The best way to illustrate this is by just looking at what exactly happens to a tensor's shape as it is passed through the network: | Layer | Input Shape | Output Shape | Kernel | Stride | Padding | Receptive Field | Notes | | :---: | :---: | :---: | :---: | :---: | :---: | :---: | :---: | Initial | [1, 6, 256, 256] | [1, 64, 128, 128] | 4x4 | 2 | 1 | 4x4 | Takes channels from in_channels*2 -> base_channels and performs a 4x4 convolution with stride=2, halving the tensor's spatial resolution. n_layer #1 | [1, 64, 128, 128] | [1, 128, 64, 64] | 4x4 | 2 | 1 | 10x10 | Doubles channel count, halves spatial resolution. n_layer #2 | [1, 128, 64, 64] | [1, 256, 64, 64] | 4x4 | 1 | 1 | 22x22 | Doubles channel count, but since stride=1 on this final n_layer, spatial resolution remains at 64x64. Final | [1, 256, 64, 64] | [1, 1, 64, 64] | 4x4 | 1 | 1 | 70x70 | Reduces channel count from 256 (final value from n_layers loop) to 1. And again, since stride=1, spatial resolution remains unchanged.

[!NOTE] This example assumes RGB input images (in_channels=3) with a resolution of 256x256, base_channels=64, and n_layers=3.
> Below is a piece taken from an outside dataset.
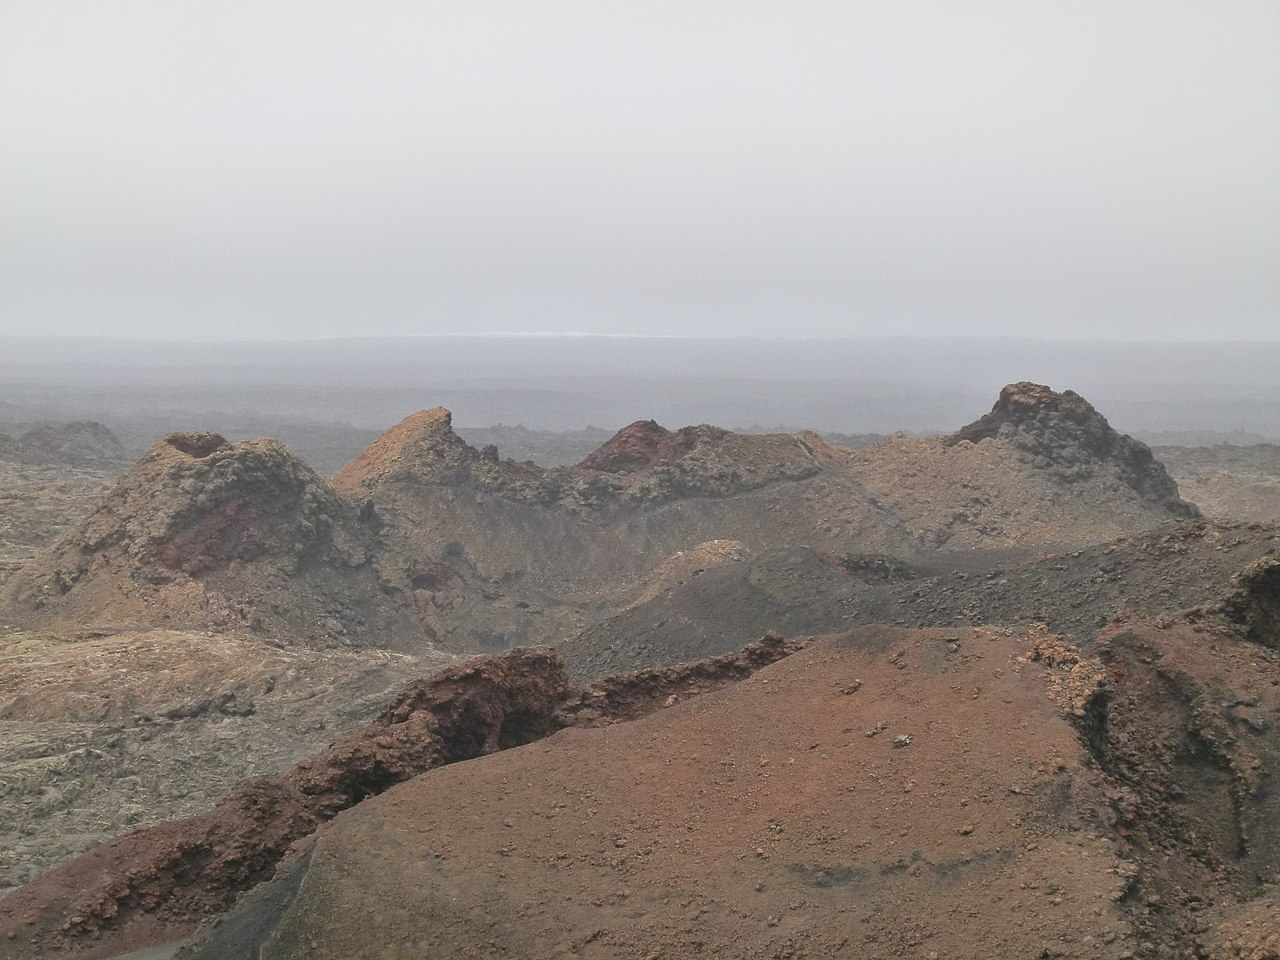 File Montanas Del Fuego Timanfaya National Park On A Foggy Rainy Day Lanzarote 05 Jpg Wikimedia Commons

And that's really all there is to the PatchGAN Discriminator model. When fed a set of input tensors, the class's forward function simply concatenates them together along the channel dimension and runs the resulting tensor through the Sequential outlined above, then it returns the final prediction map tensor.

CNNBlock

Reference: nectargan.models.patchgan.blocks

Let's have a really quick look at the CNNBlock class. This class is super simple, so we won't spend much time on it, but we will briefly touch on what exactly it does. It's basically just a hard coded wrapper which assembles a simple torch.nn.Sequential defining a single downsampling layer. The modules in this Sequential are: 1. torch.nn.Conv2d : A Conv2d with kernel_size=4, reflection padding of 1, bias=False, and a stride equal to the value of the input stride argument (decided by the stride logic in the n_layers loop of the Discriminator). 2. torch.nn.InstanceNorm2d : Instance normalization. 3. torch.nn.LeakyReLU : LeakyReLU for activation with a negative slope of 0.2 and inplace=True.

The forward function is equally simple. All it does is take an input tensor x, runs it through this Sequential, and returns the result as a tensor.